PDFs and JPEGs again
November 24, 2009 at 10:54 PM by Dr. Drang
So I tried that pdf2jpg
script today at work and it failed. Oh, it made a JPEG for every page of the PDF I gave it, but the JPEGs were at only a 72 dpi resolution. That’s 792×612, not nearly enough for a decent print. What went wrong?

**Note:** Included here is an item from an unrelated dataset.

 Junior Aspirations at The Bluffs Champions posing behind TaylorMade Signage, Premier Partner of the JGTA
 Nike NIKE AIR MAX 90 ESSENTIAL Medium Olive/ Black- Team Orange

Well, in one sense, nothing went wrong. The script still works on my iBook G4 running Leopard, which is where I used it last week. Today’s failure occurred on my office computer, which is an Intel iMac running Snow Leopard. I really doubt the processor has anything to do with the difference in behavior; my guess is that something has changed in either Cocoa or PyObjC.
Here’s the pdf2jpg
script again:
1: #!/usr/bin/python
2:
3: # author: Martin Michel
4: # eMail: martin.michel@macscripter.net
5: # created: 01.04.2008
6: # modified by Dr. Drang (drdrang@gmail.com) 2009-11-20
7:
8: # Thanks to Dinu C. Gherman for providing the
9: # code example on http://python.net/~gherman/pdf2tiff.html
10:
11: import sys
12: import os
13: from os.path import splitext
14: from objc import YES, NO
15: from Foundation import NSData
16: from AppKit import *
17:
18: NSApp = NSApplication.sharedApplication()
19:
20: def pdf2jpg(pdfpath, resolution=300):
21: """I am converting all pages of a PDF file to JPG images."""
22:
23: pdfdata = NSData.dataWithContentsOfFile_(pdfpath)
24: pdfrep = NSPDFImageRep.imageRepWithData_(pdfdata)
25: pagecount = pdfrep.pageCount()
26: for i in range(0, pagecount):
27: pdfrep.setCurrentPage_(i)
28: pdfimage = NSImage.alloc().init()
29: pdfimage.addRepresentation_(pdfrep)
30: origsize = pdfimage.size()
31: width, height = origsize
32: pdfimage.setScalesWhenResized_(YES)
33: rf = resolution / 72.0
34: pdfimage.setSize_((width*rf, height*rf))
35: tiffimg = pdfimage.TIFFRepresentation()
36: bmpimg = NSBitmapImageRep.imageRepWithData_(tiffimg)
37: data = bmpimg.representationUsingType_properties_(NSJPEGFileType, {NSImageCompressionFactor: 1.0})
38: jpgpath = "%s-%02d.jpg" % (splitext(pdfpath)[0], i+1)
39: if not os.path.exists(jpgpath):
40: data.writeToFile_atomically_(jpgpath, False)
41:
42: if __name__ == '__main__':
43: for pdfpath in sys.argv[1:]:
44: pdf2jpg(pdfpath)
The resolution of the JPEG is set in Lines 33-37, where the image of the PDF page is supposed to be upsized (Lines 33-34), made into a TIFF image (Line 35), and then converted into a JPEG, (Lines 36-37). After a bit of experimentation involving writing out TIFF files before the JPEG conversion, it appears to me that the problem is in Line 35: the TIFF image isn’t being created at the 300 dpi resolution. So there’s either something different in Snow Leopard’s version TIFFRepresentation
, or the PyObjC that comes with Snow Leopard is calling it wrong. Maybe the setScalesWhenResized_
call in Line 32 isn’t working right.
Or maybe my diagnosis is completely off and the problem lies somewhere else entirely.
So how can I convert multipage PDFs to a series of JPEGs when I’m at work? It turns out that Automator, which last week I couldn’t get to do the conversion on the iBook (but see below), can do the conversion just fine on the iMac. Here’s what the workflow looks like:
This isn’t the greatest solution in the world, because every new file is called “Sheet-xx.jpeg” instead of taking its name from the original PDF, but I suppose that can be fixed by adding an AppleScript or shell script to the workflow. Or, conversely, maybe the workflow can be called from a script that handles the names. Even if the names stay as they are, at least I’ve got the JPEGs I need.
And about the Automator workflow not performing on my iBook? Well…er…I tried it again tonight, and it worked just fine. Don’t know what I was doing wrong last week.
So now I’m left with at decision: should I try to get pdf2jpg
to work on the iMac, or should I try to improve the file naming in the Automator workflow. The former appeals to me because I might actually learn something about Cocoa or PyObjC, but the latter seems more likely to yield quick results.